Il tasso di turnover della popolazione b è irrilevante per uno scenario pandemico, ma è importante per la nostra analisi dei CoV stagionali e dovrebbe essere interpretato come la somma del tasso di natalità e del tasso a cui gli individui precedentemente immuni diventano sensibili a causa della diminuzione immunitaria e della fuga. Esaminiamo le proprietà generali di tale modello nei materiali supplementari. A seguito di lavori precedenti, parametrizziamo la trasmissibilità come (equazione 2)

β (t) = β 0  (1 + ε cos (2π (t – θ)))

dove β 0  è il tasso medio annuale di infezione, ε è l’ampiezza del forzante stagionale che modula la trasmissibilità durante l’anno e θ è il momento della massima trasmissibilità [ 27 ,  28 ]. Per simulazioni della pandemia, aggiungeremo un termine aggiuntivo a β (t) che spiega le misure di controllo delle infezioni nelle aree fortemente colpite, vedere materiali supplementari.

Parametrizzazione del modello mediante osservazioni CoV stagionali

I CoV stagionali sono endemici in tutto il mondo e pertanto prevediamo che i virus vengano importati durante tutto l’anno.

Modelliamo questa importazione attraverso la migrazione di individui sensibili con tasso m che ritorna esposto con probabilità x. Gli esseri umani sviluppano rapidamente risposte immunitarie ai CoV e i successivi studi sulle sfide mostrano una ridotta suscettibilità e una malattia meno grave per un anno [ 29 ].

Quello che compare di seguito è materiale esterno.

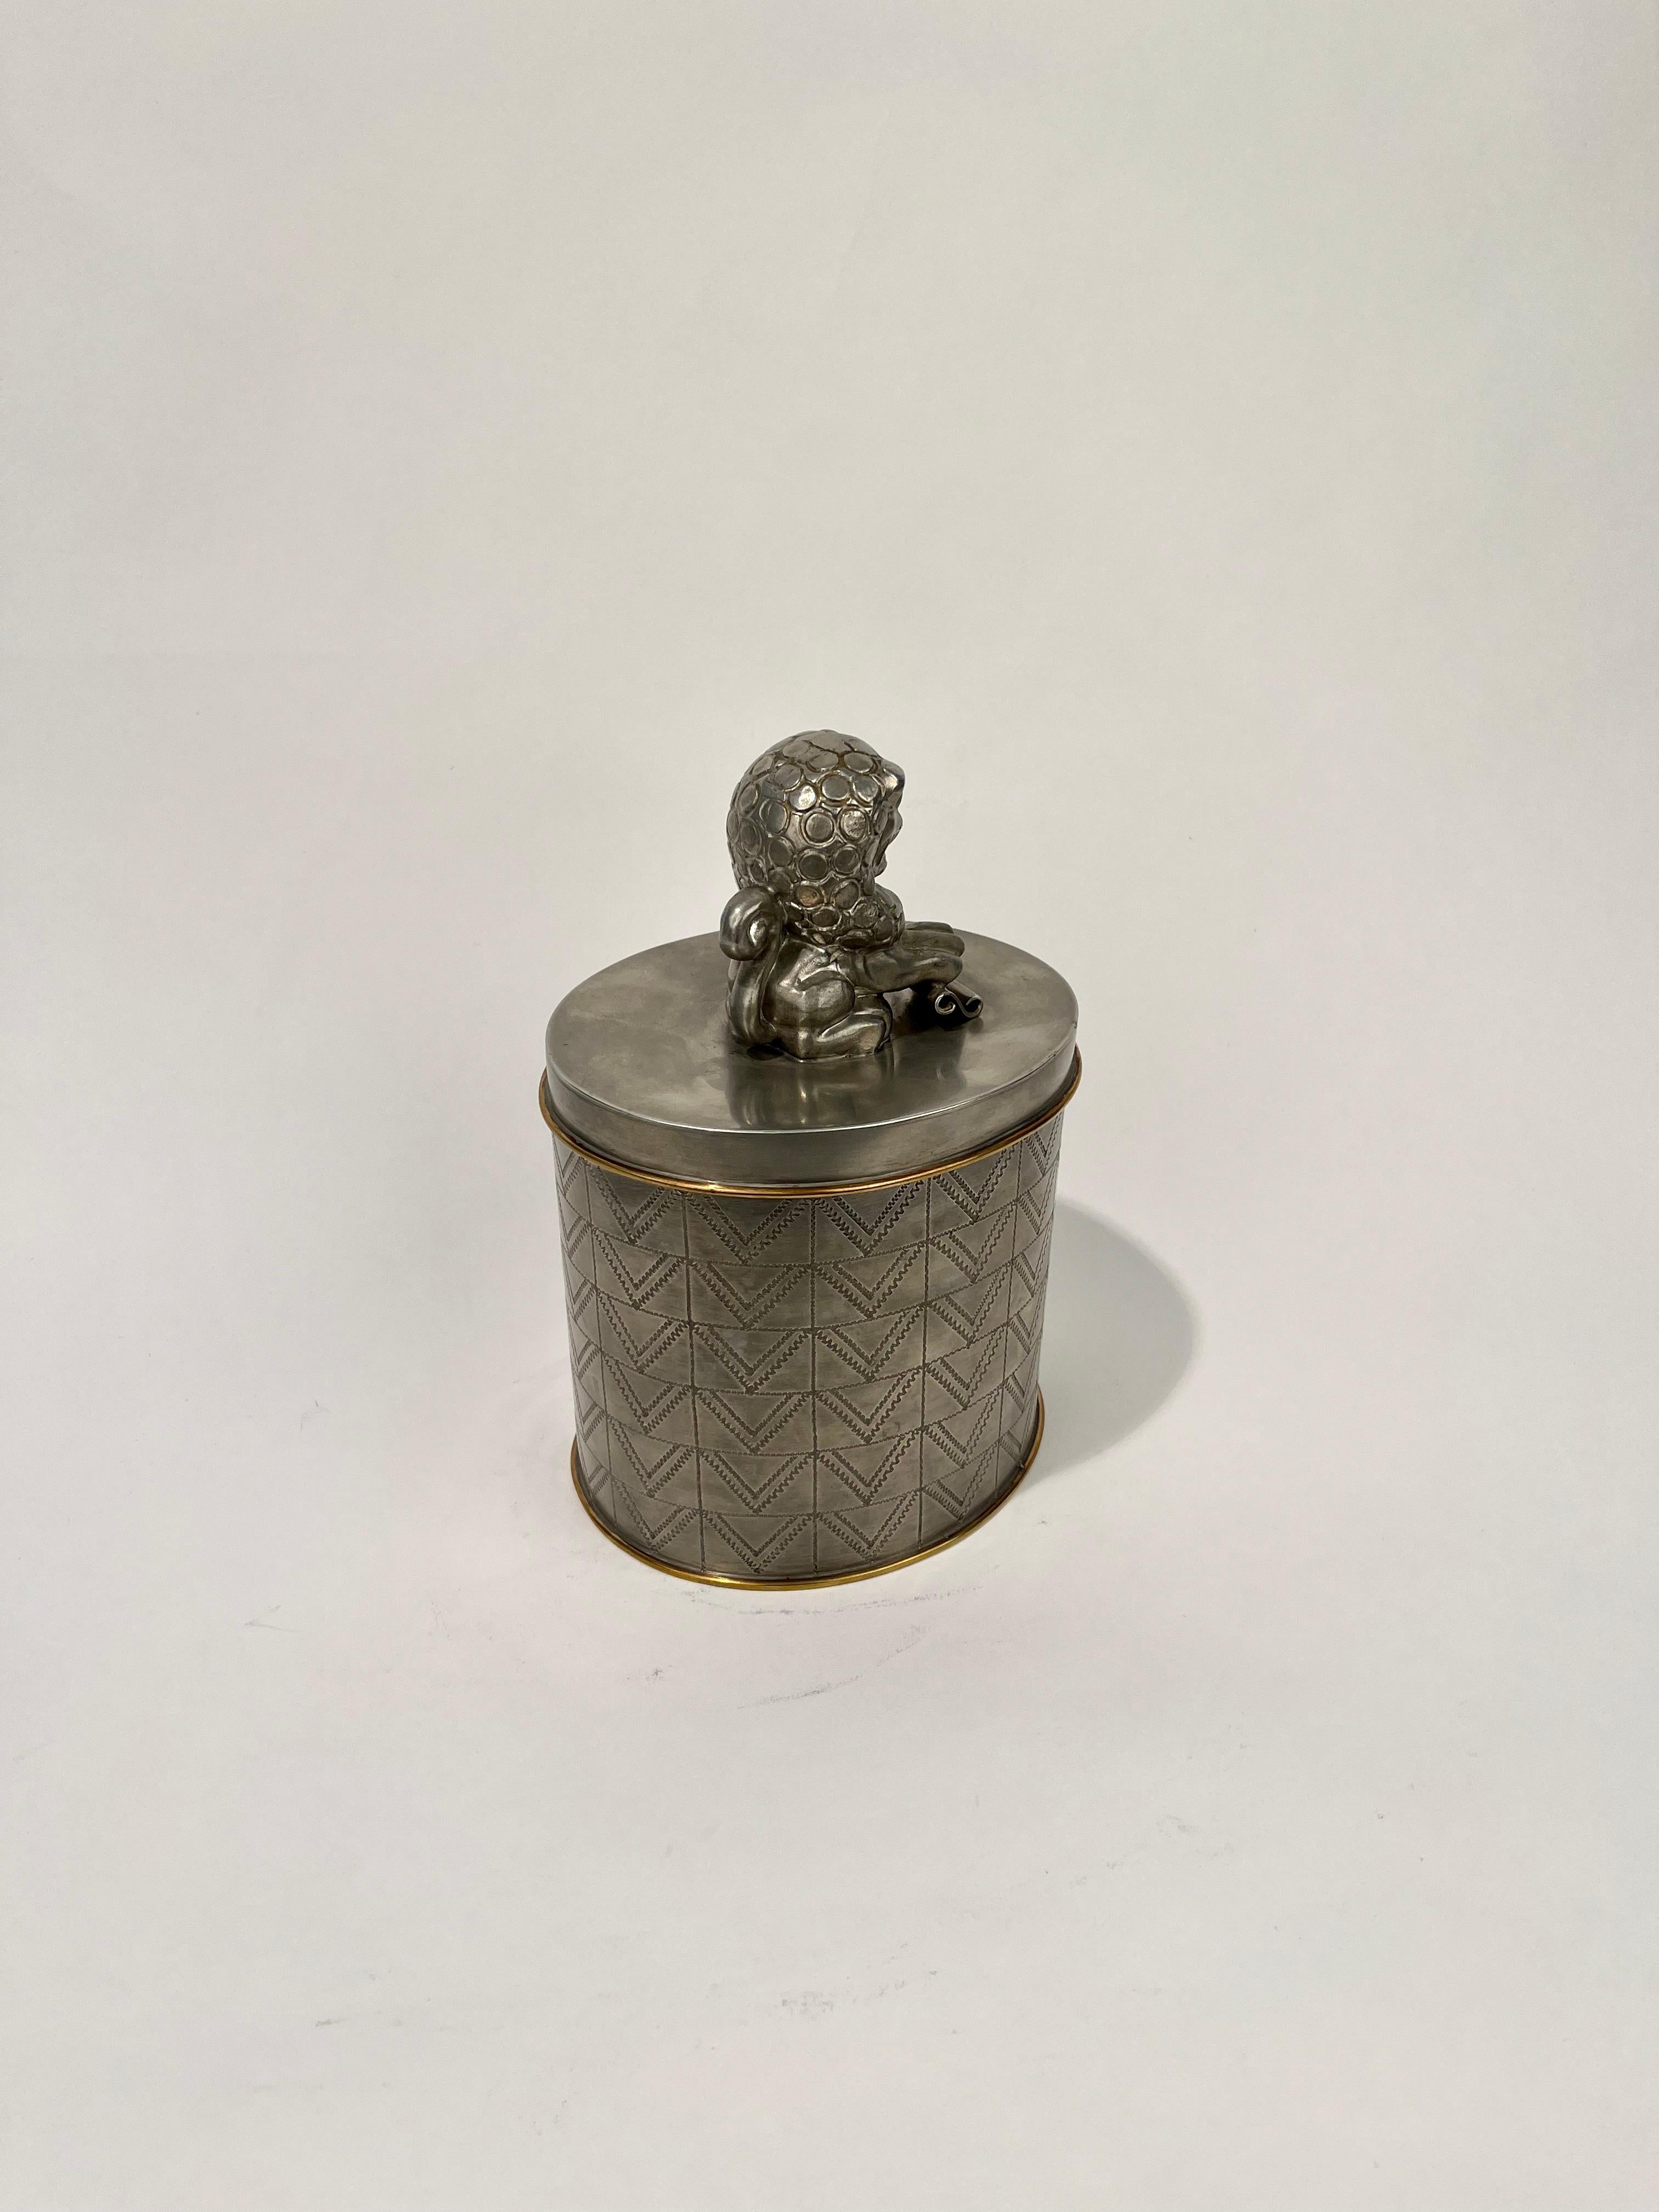 Anna Petrus a conçu une boîte à cigares pour Firma Svenskt Tenn 1928. Modèle 462.  

Anna Petrus était sculpteur et designer au début du 20e siècle. Après sa mort, l'œuvre d'Anna Petrus a été presque oubliée, mais ces dernières années, elle a été

Gli anticorpi contro SARS-CoV1 persistono per diversi anni [ 30 ]. Ciò è coerente con l’osservazione che circa il 50% di tutti i campioni positivi nei nostri dati proviene da pazienti di età superiore ai 10 anni con una distribuzione piatta tra le fasce di età.

In analogia al tasso di attacco dell’influenza stagionale, ipotizziamo che gli esseri umani soffrano di un’infezione da CoV stagionale in media ogni 10 anni (b = 0,1 / a). Inoltre, utilizziamo (R 0 ) = 2.3, un tasso di recupero di 0,2 giorni −1 e un periodo di incubazione di 5 giorni.

Con questi presupposti, possiamo risolvere il modello e confrontare le traiettorie risultanti con la variazione stagionale nella prevalenza dei CoV stagionali, vedere la  figura 2 .

A Stoccolma, la variazione stagionale dei CoV (in particolare HKU1 / OC43) è molto coerente nel corso degli anni (vedere la figura S3 supplementare  nell’appendice 1 ). Adattiamo pertanto il modello SIER alla variazione stagionale media negli anni calcolando la deviazione quadrata della prevalenza osservata e prevista rispetto ai rispettivi valori medi.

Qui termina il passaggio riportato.